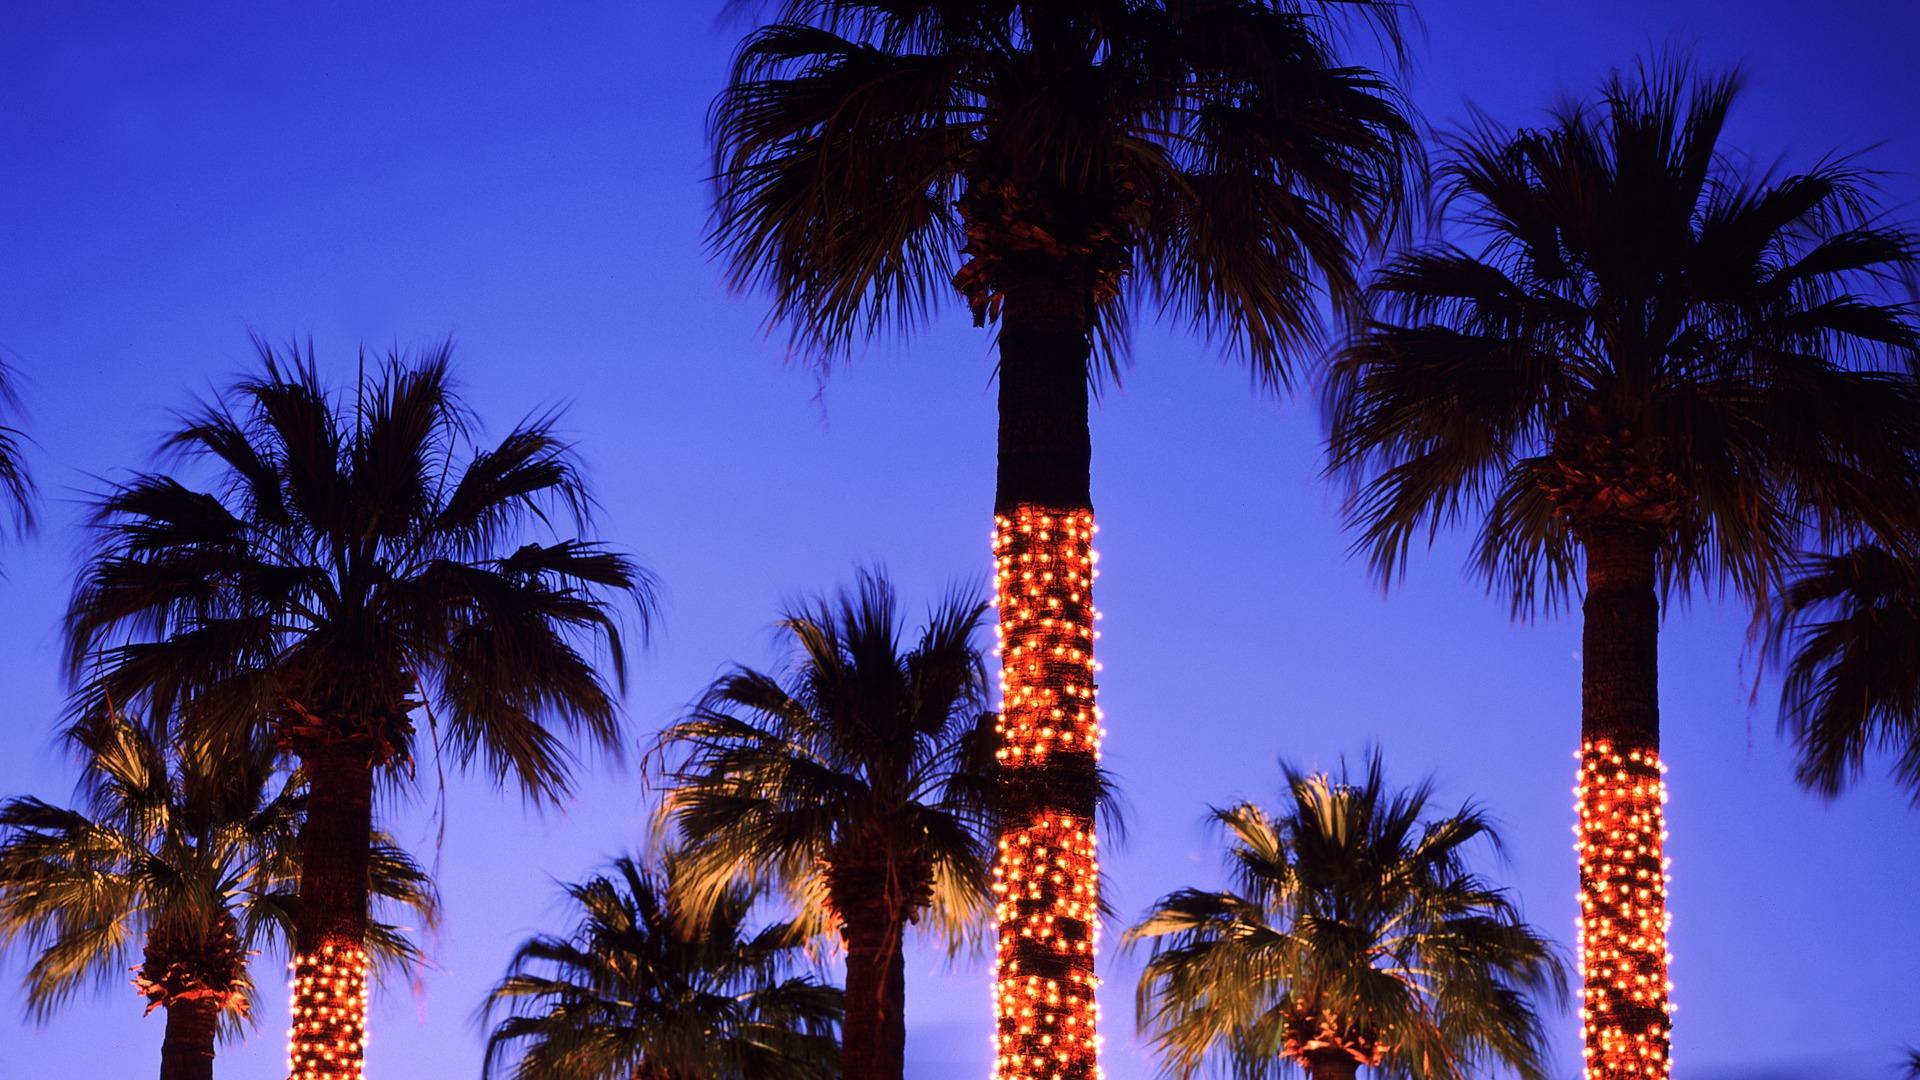 put up christmas lights palm tree wallpaper preview | 10wallpaper
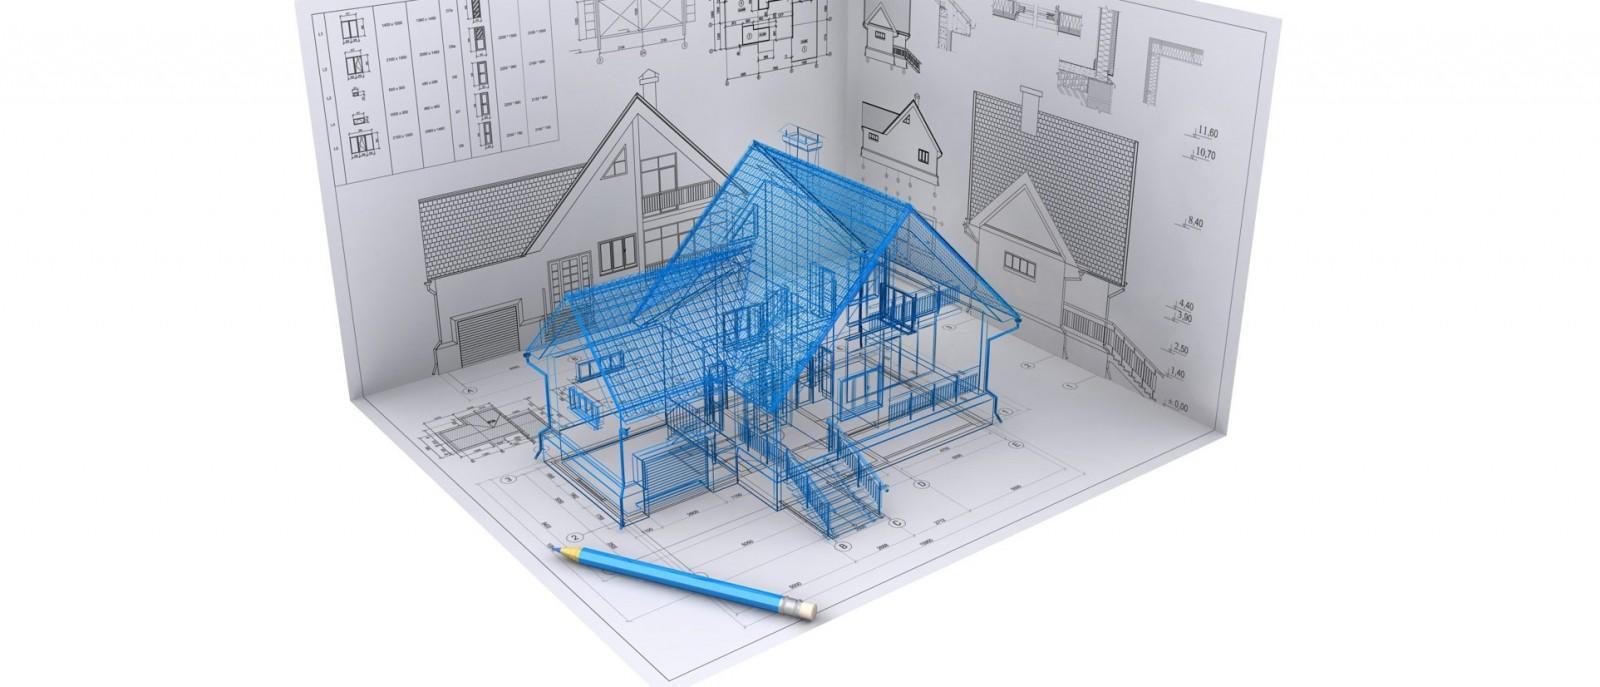 проект дома нужен или нет ?
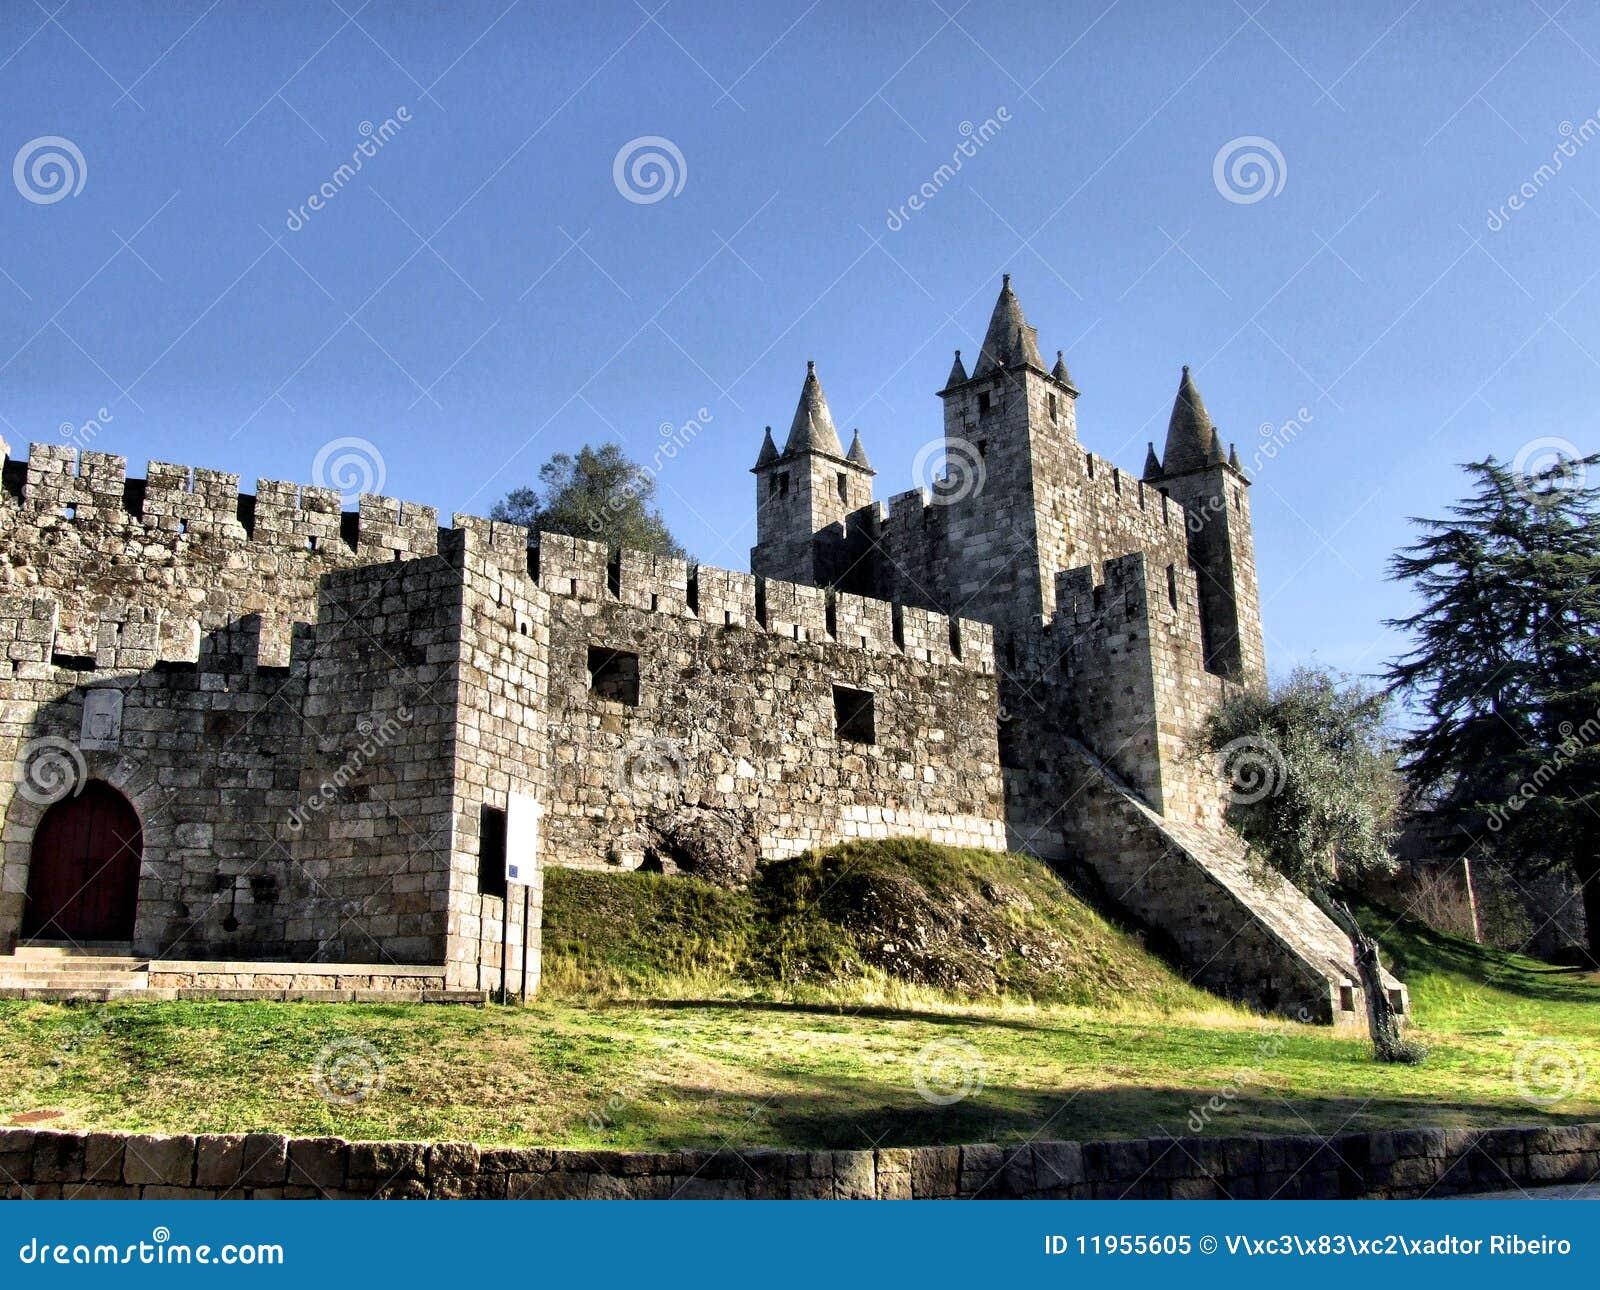 Santa Maria da Feira castle

[Aim of the task]:
The whole listing above needs to be copied exactly; please keep the pictures out.

[Result for this exercise]:
 put up christmas lights palm tree wallpaper preview | 10wallpaper
 проект дома нужен или нет ?
 Santa Maria da Feira castle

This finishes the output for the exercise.